Pasaron las horas más lentas de mi vida, parecía que a la realidad le habían puesto pausa y todos nos hubiéramos congelado esa tarde: las tías Elvira y Sol siempre estarían allí sin decir ni una palabra; el tío Felipe siempre aparecería irrumpiendo la tranquilidad de los peces como si estuviera espantando moscas; y el tío Vicente siempre me trataría como un niño que no sabe nada de la vida. 
Por suerte llegó mamá de la pastelería con el indeseable pastel de piñón. Sin embargo ese pastel fue la salida de emergencia aquella tarde en casa de la abuela porque, después de partir el pastel, regresé a casa. 


IV
Estaba preparándome para ir a dormir cuando recordé que mi regalo estaba allí todavía sin abrir. 
Me metí a las cobijas y sin mucha ilusión saqué el aparato de su caja.
"DIA (Dispositivo de Inteligencia Artificial) Móvil. 
Última versión: 2 épocas distintas en un mismo tiempo (Ver instructivo). 
Pantalla táctil de 6" 
Bocinas integradas.
24hrs de batería (recargable). 
Procesador AMD 256 núcleos. 
64 GB RAM. 
Tarjeta de Súper Video en Alta Definición. 
8 TB en HD. 
Plataforma libre."
Todo eso decía la caja del aparato. Lo saqué de la caja y realmente era pequeño, del tamaño de mi mano; era delgado, plano, gris; parecía que no estaba hecho para llamar la atención de alguien como yo. 

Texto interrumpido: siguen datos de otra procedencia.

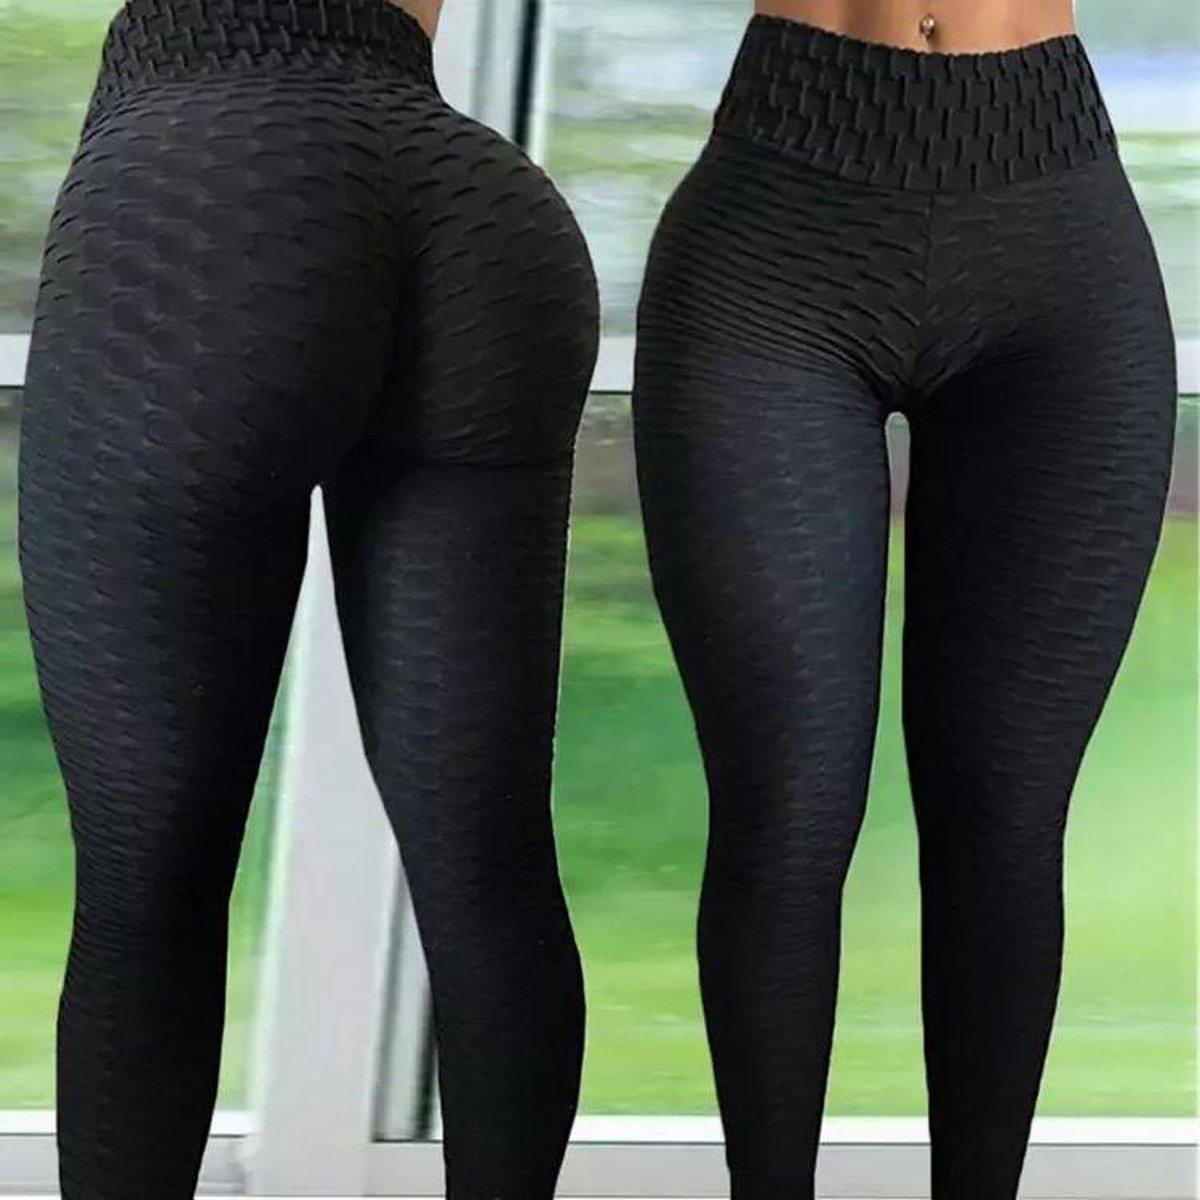 LOUZIR Sportlegging-Yoga -Scrunch Butt-High Waist- Absorberend- Anti Cellulite Legging-Gym Sports -L

Apreté el botón de encendido y no sé de dónde salió una voz metálica que dijo: 
—Hola, soy el último DÍA (Dispositivo de Inteligencia Artificial) Móvil, y estoy en modo de demostración; para conocer mis funciones coloca tu dedo índice de la mano derecha en la opción que desees explorar; o bien, puedes seleccionar la opción deseada a través del comando de voz; además, puedes personalizarme eligiendo las aplicaciones que consideres necesarias en tu vida diaria; incluso podrás interactuar con otros DIA's mediante el correo multimodal que incluye correo electromagnético, postal, de voz,....— entonces apagué el aparato porque estaba harto de escuchar la misma canción que decían todos los demás aparatos caseros que había en casa.
Y cerré los ojos para intentar borrar ese horrible día de mi memoria, pero fue imposible porque todos sabemos que se puede olvidar cualquier día de la historia, menos el día de nuestro cumpleaños. 


V
Me sentía triste porque el día de mi cumpleaños no había sido como lo hubiera deseado. El regalo que me habían dado mis padres no me había gustado; la comida en casa de mi abuela había sido incómoda por la presencia de mis tías y sus insoportables esposos, e incluso el pastel no me había sabido bueno. Y para acabar de arruinar el día de mi cumpleaños, en el examen de Historia había tenido varios errores: confundí la fecha de aparición de la vida en la Tierra con la fecha en la que aparecieron los dinosaurios, y la fecha de los dinosaurios con la del hombre. 
Obtuve una mala calificación en ese examen y esa fue la razón por la que empecé a dudar de mi memoria.